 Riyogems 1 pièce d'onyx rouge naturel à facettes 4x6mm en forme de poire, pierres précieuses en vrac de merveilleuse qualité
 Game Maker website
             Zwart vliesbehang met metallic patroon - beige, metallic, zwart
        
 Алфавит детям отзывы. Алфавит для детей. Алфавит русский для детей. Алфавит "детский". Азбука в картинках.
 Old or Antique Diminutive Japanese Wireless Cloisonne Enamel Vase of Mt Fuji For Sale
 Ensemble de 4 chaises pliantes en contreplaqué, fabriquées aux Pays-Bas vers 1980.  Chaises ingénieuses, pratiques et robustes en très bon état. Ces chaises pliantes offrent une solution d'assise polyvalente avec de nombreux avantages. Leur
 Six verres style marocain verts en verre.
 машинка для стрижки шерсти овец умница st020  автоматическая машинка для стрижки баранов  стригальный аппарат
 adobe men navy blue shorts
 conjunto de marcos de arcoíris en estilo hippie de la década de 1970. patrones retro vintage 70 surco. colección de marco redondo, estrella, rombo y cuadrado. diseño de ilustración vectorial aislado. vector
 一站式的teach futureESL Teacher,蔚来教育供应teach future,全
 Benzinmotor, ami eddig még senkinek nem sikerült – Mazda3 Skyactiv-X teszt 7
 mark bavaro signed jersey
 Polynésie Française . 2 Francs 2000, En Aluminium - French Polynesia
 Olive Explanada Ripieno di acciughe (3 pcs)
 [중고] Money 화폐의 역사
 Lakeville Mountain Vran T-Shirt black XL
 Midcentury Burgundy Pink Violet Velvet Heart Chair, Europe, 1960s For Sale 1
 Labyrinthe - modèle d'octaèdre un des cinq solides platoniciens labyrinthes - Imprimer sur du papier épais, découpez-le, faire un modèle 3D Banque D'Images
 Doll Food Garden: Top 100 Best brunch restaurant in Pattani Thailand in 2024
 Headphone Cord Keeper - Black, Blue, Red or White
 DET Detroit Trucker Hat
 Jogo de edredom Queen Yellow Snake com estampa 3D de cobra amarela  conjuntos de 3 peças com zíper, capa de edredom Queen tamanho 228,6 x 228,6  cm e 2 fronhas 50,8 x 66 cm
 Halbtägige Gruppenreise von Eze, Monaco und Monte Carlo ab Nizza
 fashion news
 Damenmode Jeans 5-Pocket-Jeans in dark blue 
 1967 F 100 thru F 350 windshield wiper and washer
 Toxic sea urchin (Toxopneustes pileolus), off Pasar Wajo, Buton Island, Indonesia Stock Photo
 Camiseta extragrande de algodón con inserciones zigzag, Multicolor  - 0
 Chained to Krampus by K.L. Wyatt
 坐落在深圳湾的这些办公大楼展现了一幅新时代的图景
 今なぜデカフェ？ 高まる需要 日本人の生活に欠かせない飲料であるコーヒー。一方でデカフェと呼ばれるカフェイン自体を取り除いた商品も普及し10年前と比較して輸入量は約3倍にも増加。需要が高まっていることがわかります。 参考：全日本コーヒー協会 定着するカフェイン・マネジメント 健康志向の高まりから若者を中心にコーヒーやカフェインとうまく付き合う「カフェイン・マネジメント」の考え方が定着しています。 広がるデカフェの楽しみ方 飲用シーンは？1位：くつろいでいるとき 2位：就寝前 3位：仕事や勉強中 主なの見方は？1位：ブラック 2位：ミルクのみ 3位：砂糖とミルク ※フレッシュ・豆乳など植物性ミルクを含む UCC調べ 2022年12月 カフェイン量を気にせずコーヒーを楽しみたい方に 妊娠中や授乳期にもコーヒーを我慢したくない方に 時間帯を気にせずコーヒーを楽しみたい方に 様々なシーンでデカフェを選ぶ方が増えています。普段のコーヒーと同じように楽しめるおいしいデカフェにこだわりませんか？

- [EXERCISE OBJECTIVE]: The line containing "Damenmode Jeans 5-Pocket-Jeans in dark blue" and every line after it, up to and including the last line of the records, should be reproduced exactly, with nothing else.

- [PROBLEM SOLUTION]:
 Damenmode Jeans 5-Pocket-Jeans in dark blue 
 1967 F 100 thru F 350 windshield wiper and washer
 Toxic sea urchin (Toxopneustes pileolus), off Pasar Wajo, Buton Island, Indonesia Stock Photo
 Camiseta extragrande de algodón con inserciones zigzag, Multicolor  - 0
 Chained to Krampus by K.L. Wyatt
 坐落在深圳湾的这些办公大楼展现了一幅新时代的图景
 今なぜデカフェ？ 高まる需要 日本人の生活に欠かせない飲料であるコーヒー。一方でデカフェと呼ばれるカフェイン自体を取り除いた商品も普及し10年前と比較して輸入量は約3倍にも増加。需要が高まっていることがわかります。 参考：全日本コーヒー協会 定着するカフェイン・マネジメント 健康志向の高まりから若者を中心にコーヒーやカフェインとうまく付き合う「カフェイン・マネジメント」の考え方が定着しています。 広がるデカフェの楽しみ方 飲用シーンは？1位：くつろいでいるとき 2位：就寝前 3位：仕事や勉強中 主なの見方は？1位：ブラック 2位：ミルクのみ 3位：砂糖とミルク ※フレッシュ・豆乳など植物性ミルクを含む UCC調べ 2022年12月 カフェイン量を気にせずコーヒーを楽しみたい方に 妊娠中や授乳期にもコーヒーを我慢したくない方に 時間帯を気にせずコーヒーを楽しみたい方に 様々なシーンでデカフェを選ぶ方が増えています。普段のコーヒーと同じように楽しめるおいしいデカフェにこだわりませんか？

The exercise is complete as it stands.